The latest coup d’etat attempt of January 7, 2019, in Gabon brought the debate back to a practice that throughout the second half of the twentieth century had almost become a normal mode of accession to power in Africa. In an African environment where democracy and alternation still struggle to prevail as rules of the political game, would Africa still be in the grip of the illusion of coup-therapy? What virtuous political transformations would pacify political life in Africa?
Generally speaking, a coup d’etat is understood as the use of force in the accession to political power within a state, either by military action or by a civil popular action, resulting in the illegal overthrow leaders in place. Studies by authors Jonathan Powell and Clayton Thyne record 475 coups worldwide, including more in Africa.
Since 1950 Africa has been the scene of a total of 204 putsches, of which 104 failed, 100 successful, and 139 plots for coups. Between 1960 and 1982 nearly 90% of the 45 independent states of Black Africa experienced the experience of a coup d’etat, making it a true institutional mechanism of political alternation. From 1960 to 1999 there were between 39 and 42 coups per decade, while for the decade of 2010 only 16 are registered.
The putsch as “political therapy” has emerged as an “almost normal” mode of alternation. The case of the Central African Republic is sufficiently eloquent in this respect. This independent country since August 14, 1960, has had no less than 5 coups. While the free election struggles to impose itself as in many African states at the same time, the coup d’etat becomes the final arbiter of a sclerotic political game where the actors do not want to wait their turn, nor to pass the hand.
The coup-therapy has unfortunately emerged as a paradoxical political regulator. An almost identical dynamic is observable in Burkina Faso between 1966 and 2015. Burkina being beside the African country with the greatest number of the successful putsch, that is to say, 7, while Sudan holds the record of the greatest cumulative number of coups in a State, 14 in all.
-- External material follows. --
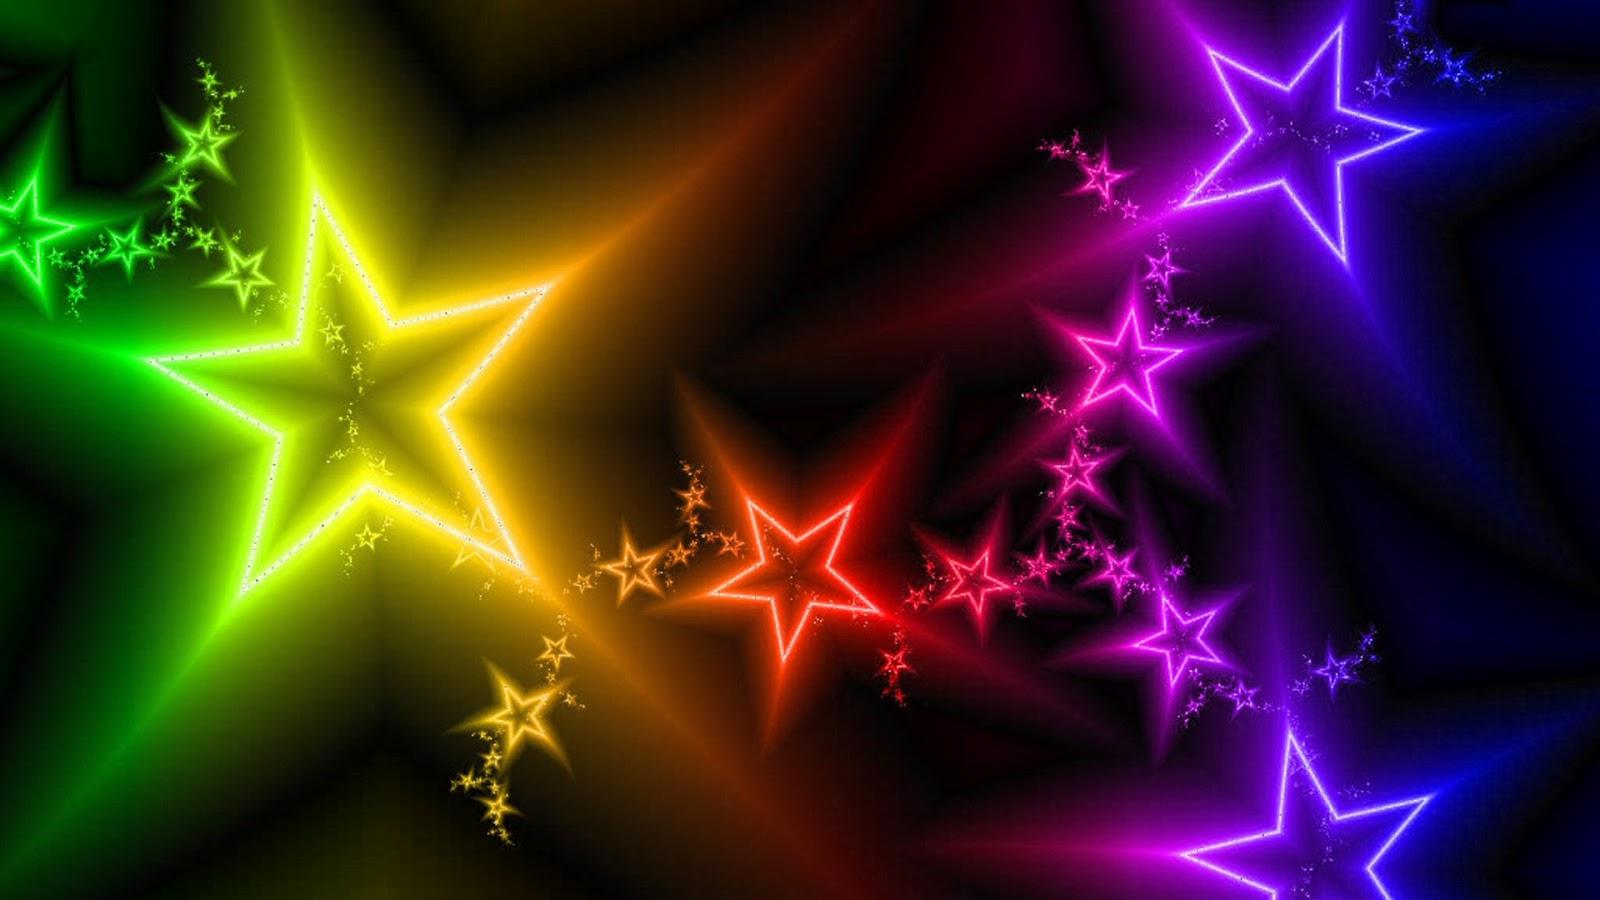 animated stars wallpaper animated stars wallpaper animated stars 1600x900

The myth of “booted democracy”
The idea of a virtuous political transition imposed by force by the duo “trellis-boots” has made its way. Alain Antil noted on this subject that we can not say that all putsches are bad. In history, some have been timely. Examples of Ghana under Jerry Rawlings or Mali reinvented under Amadou Toumani Toure are very revealing.
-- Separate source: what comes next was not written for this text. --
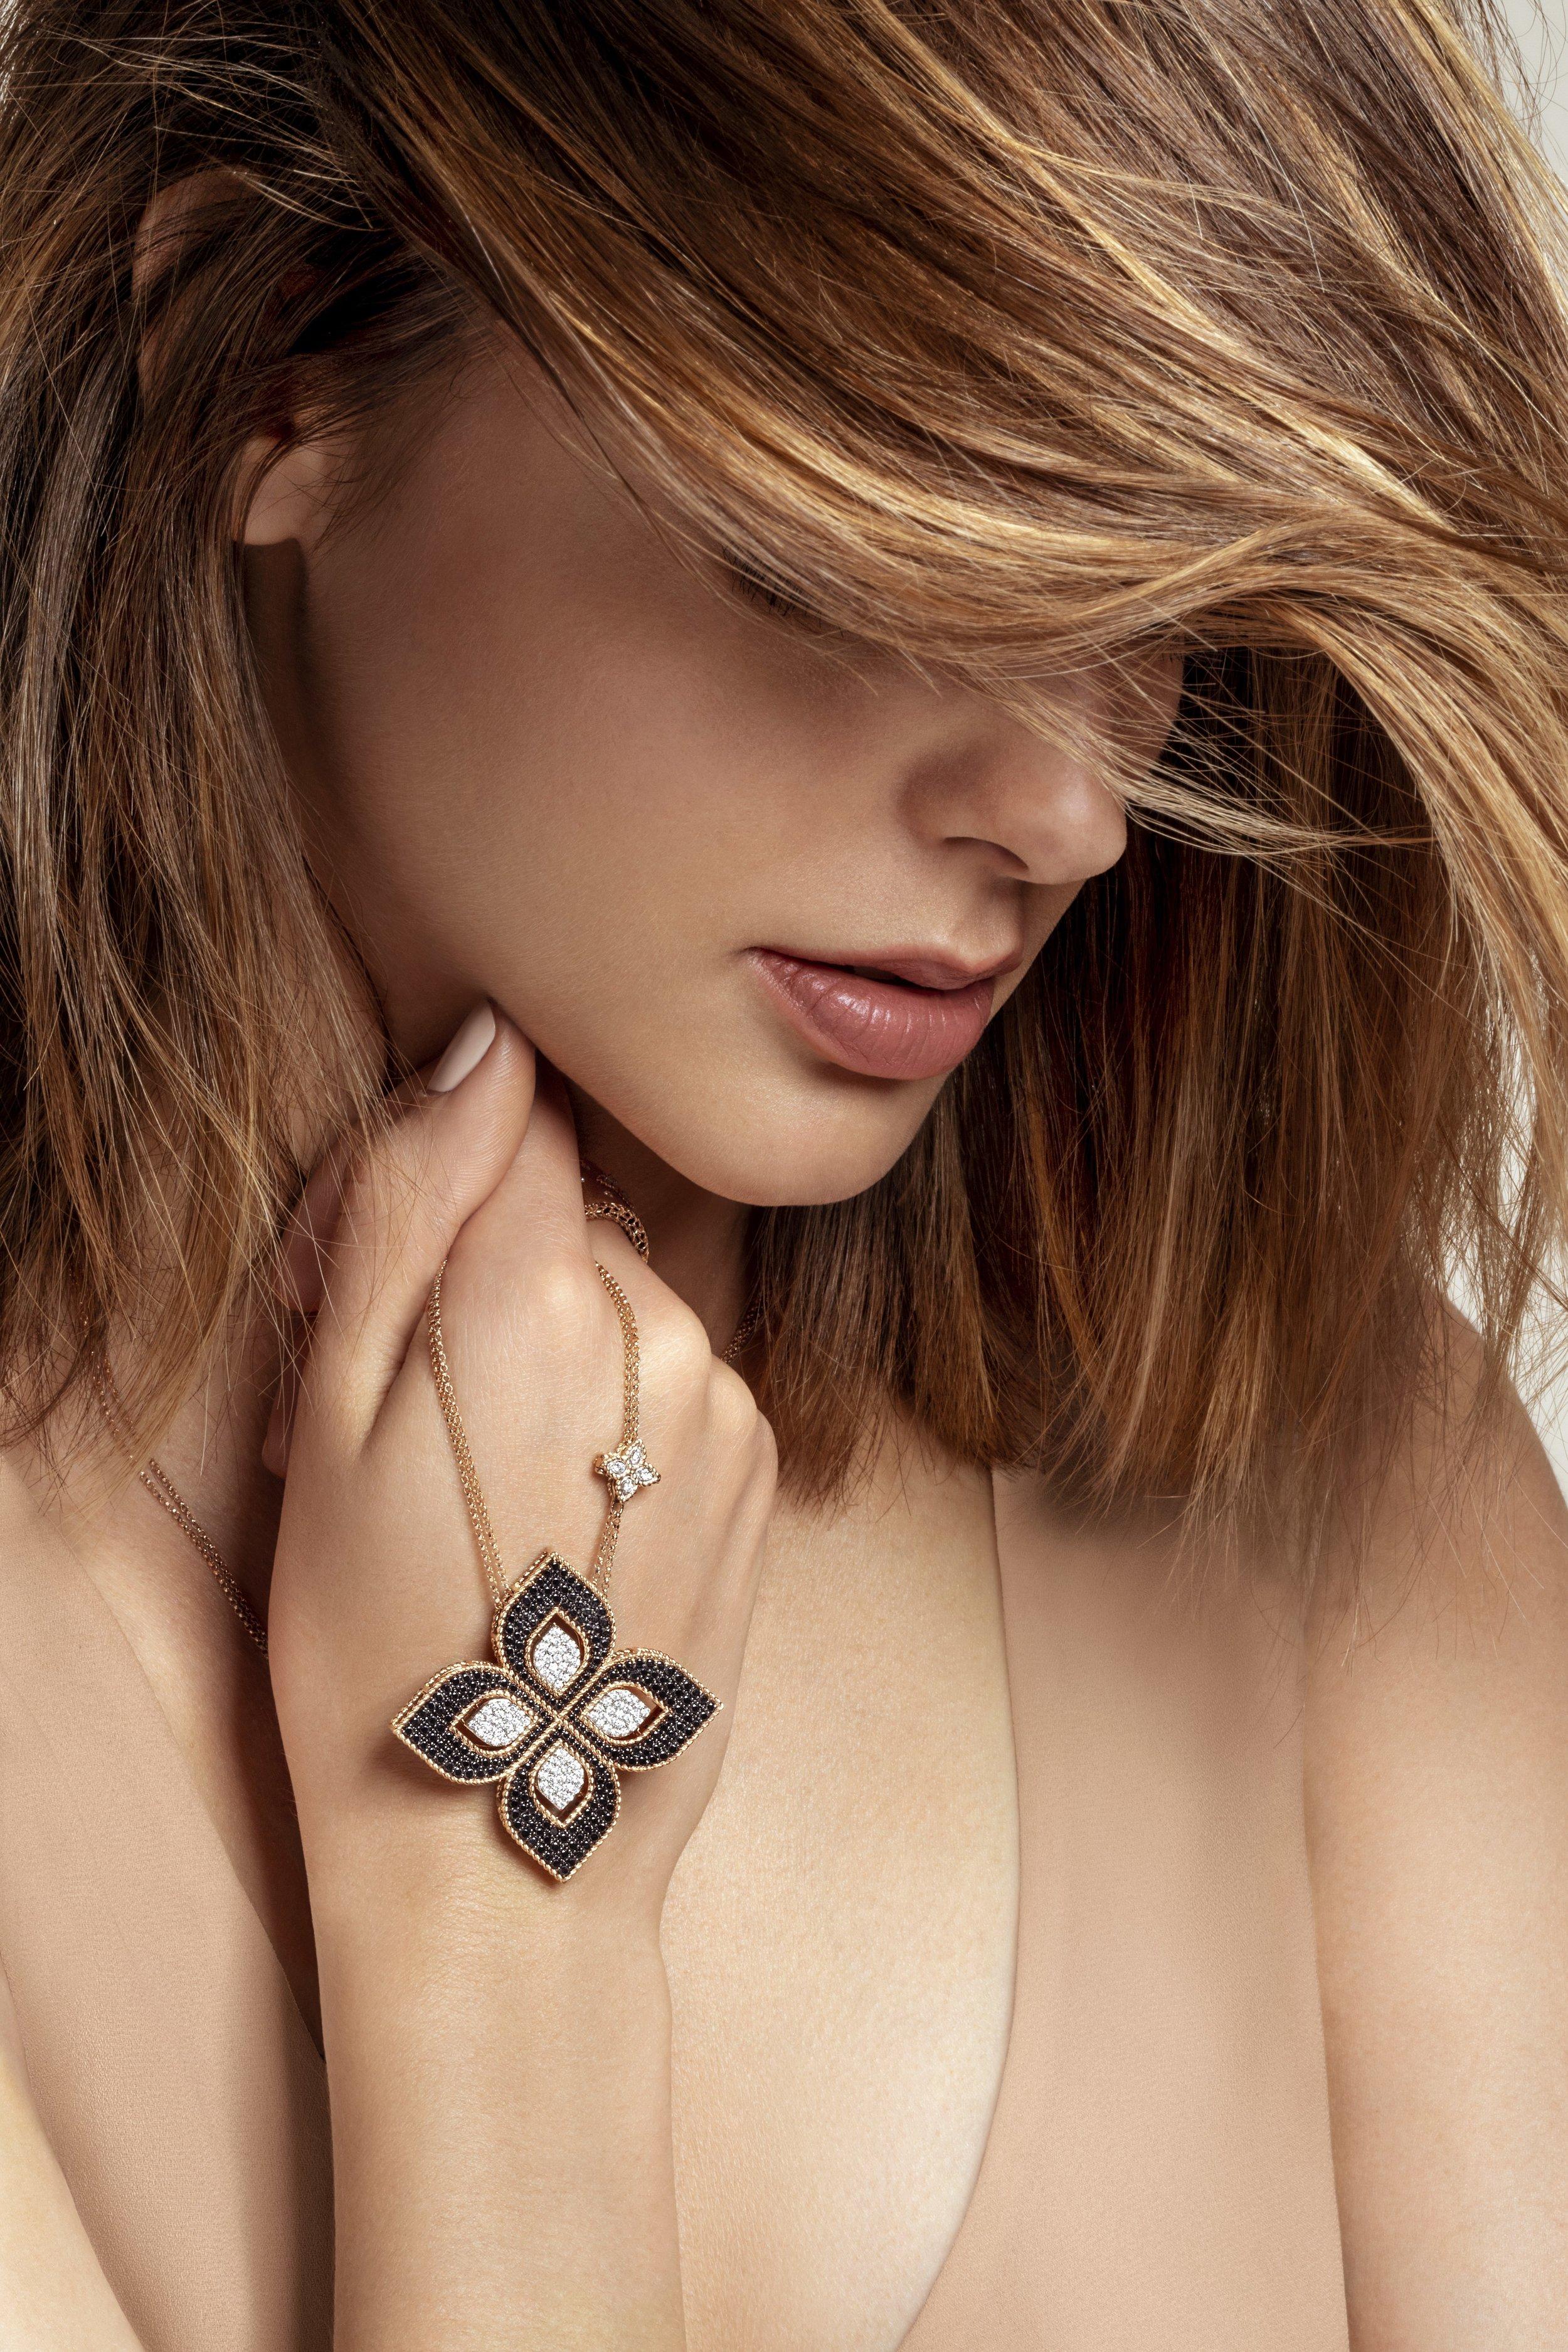 nyc_fashion_photographer_beauty_jewelry

However, the myth of the “garrison state” will soon come up against its own limits, the previous examples being very often only the tree that hides the forest. Even the 1999 Algiers Declaration by which the Heads of State and the African Union have registered against this practice of putsches will have changed nothing, since even the current President of the African Union in 2019, the Egyptian Al Sissi, himself born out of a 2013 coup d’etat.
Impact of putsches
Traditionally, coups have only led to private appropriation (family, clan, ethnic group, single party) and rentier power. The revolutionary promises of transformation and rupture that motivated initial action are rapidly collapsing. This is the theorization of the “loot war state” whose future is articulated between dismemberment and decay. In general, the underdevelopment of Africa, the lack of diversification of economies, are due to many coup d’etat. Rentier specialization in raw materials or extractive resources quickly became a model in the hands of warlords in Liberia, Sierra Leone, Nigeria under Sani Abacha, Burkina Faso, Guinea, Libya, Somalia, DRC, and other countries.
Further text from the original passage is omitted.